• **DATASET EXCERPT**
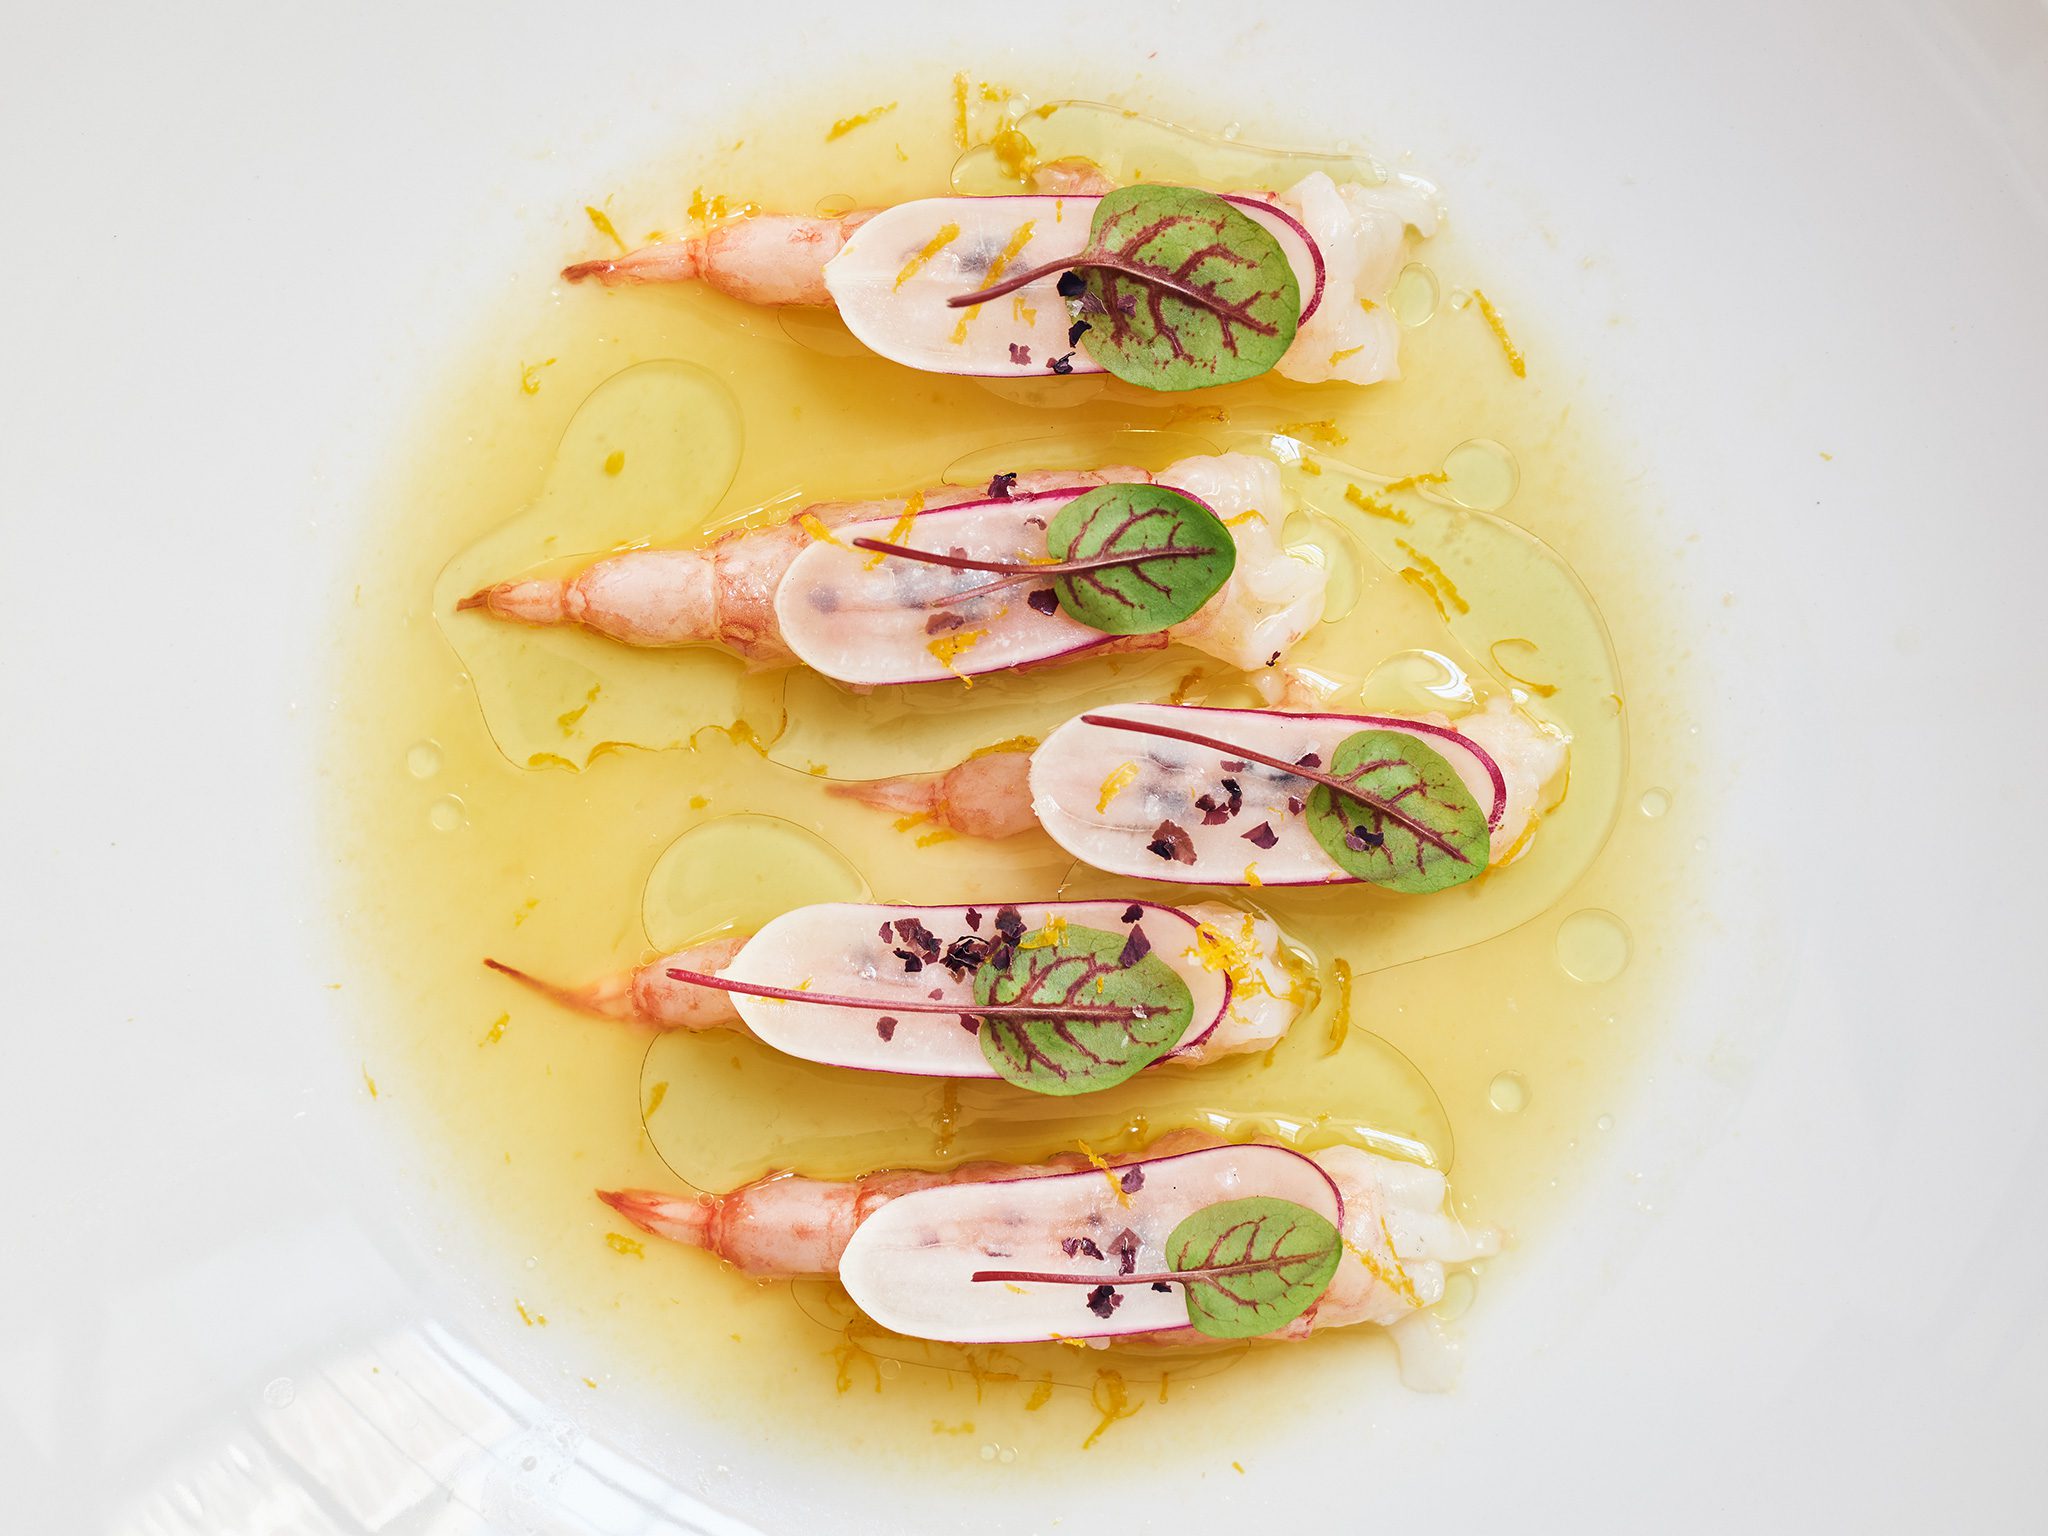 Spot prawn crudo with calamansi vinegar, olive oil and radish
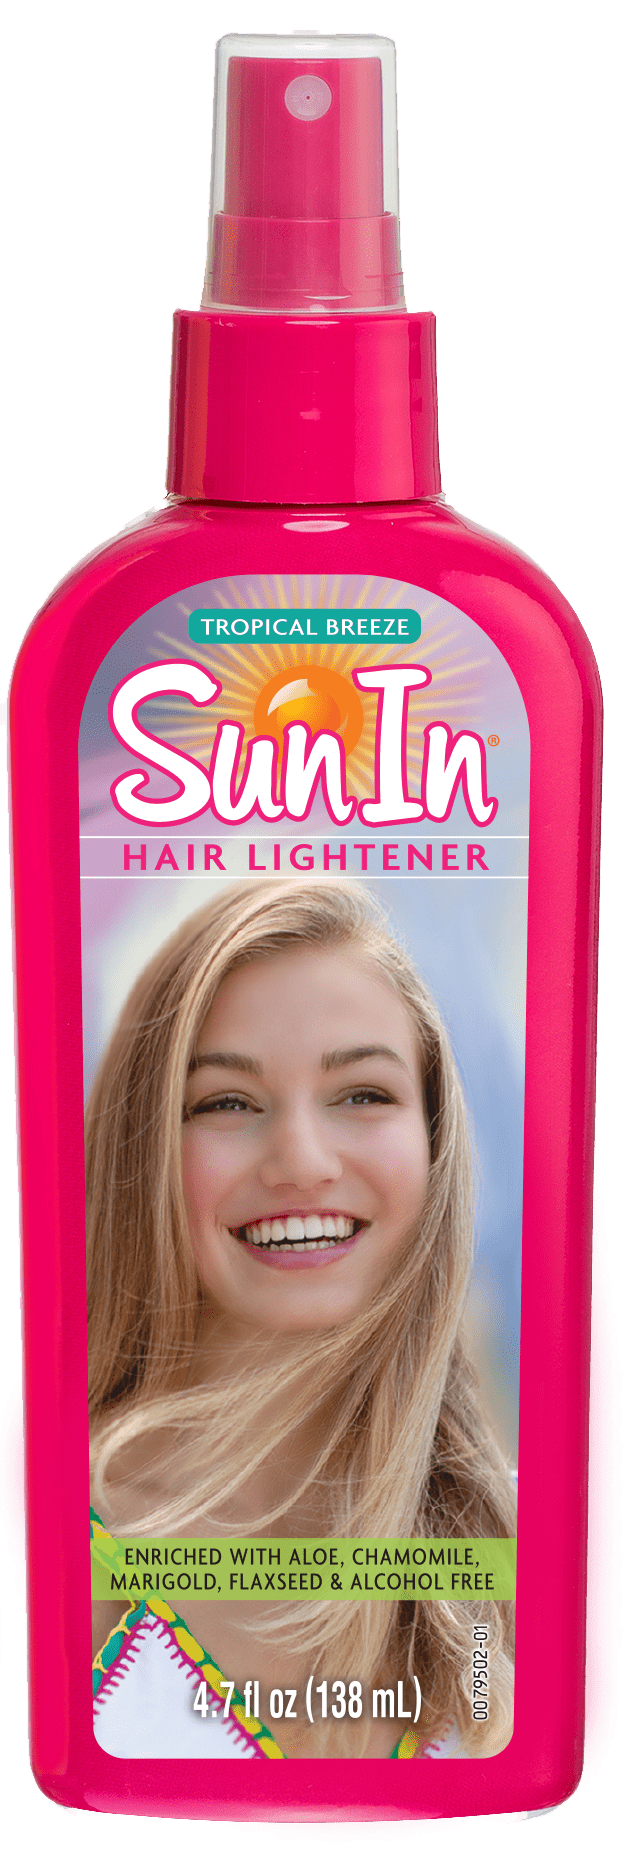 Sun In Hair Lightener, Tropical Breeze, Alcohol-Free,  oz 
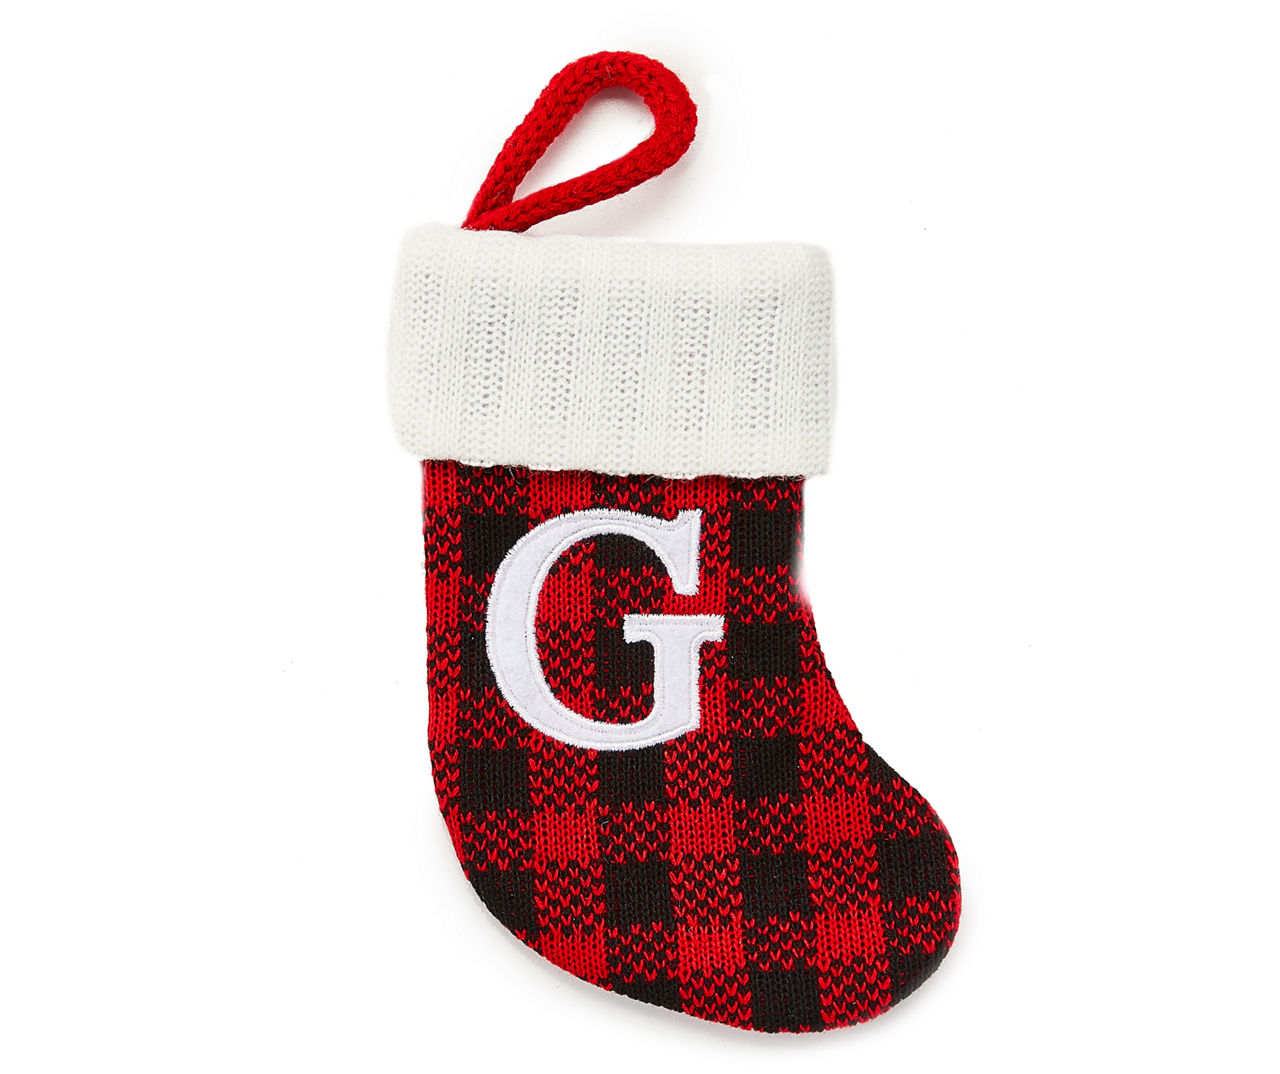 "G" Monogram Red Buffalo Check Mini Stocking with White Trim

• **DESCRIPTION OF THE TASK**
Only the text of the listing above is wanted, transcribed exactly, without its images.

• **TASK RESPONSE**
 Spot prawn crudo with calamansi vinegar, olive oil and radish
 Sun In Hair Lightener, Tropical Breeze, Alcohol-Free,  oz 
 "G" Monogram Red Buffalo Check Mini Stocking with White Trim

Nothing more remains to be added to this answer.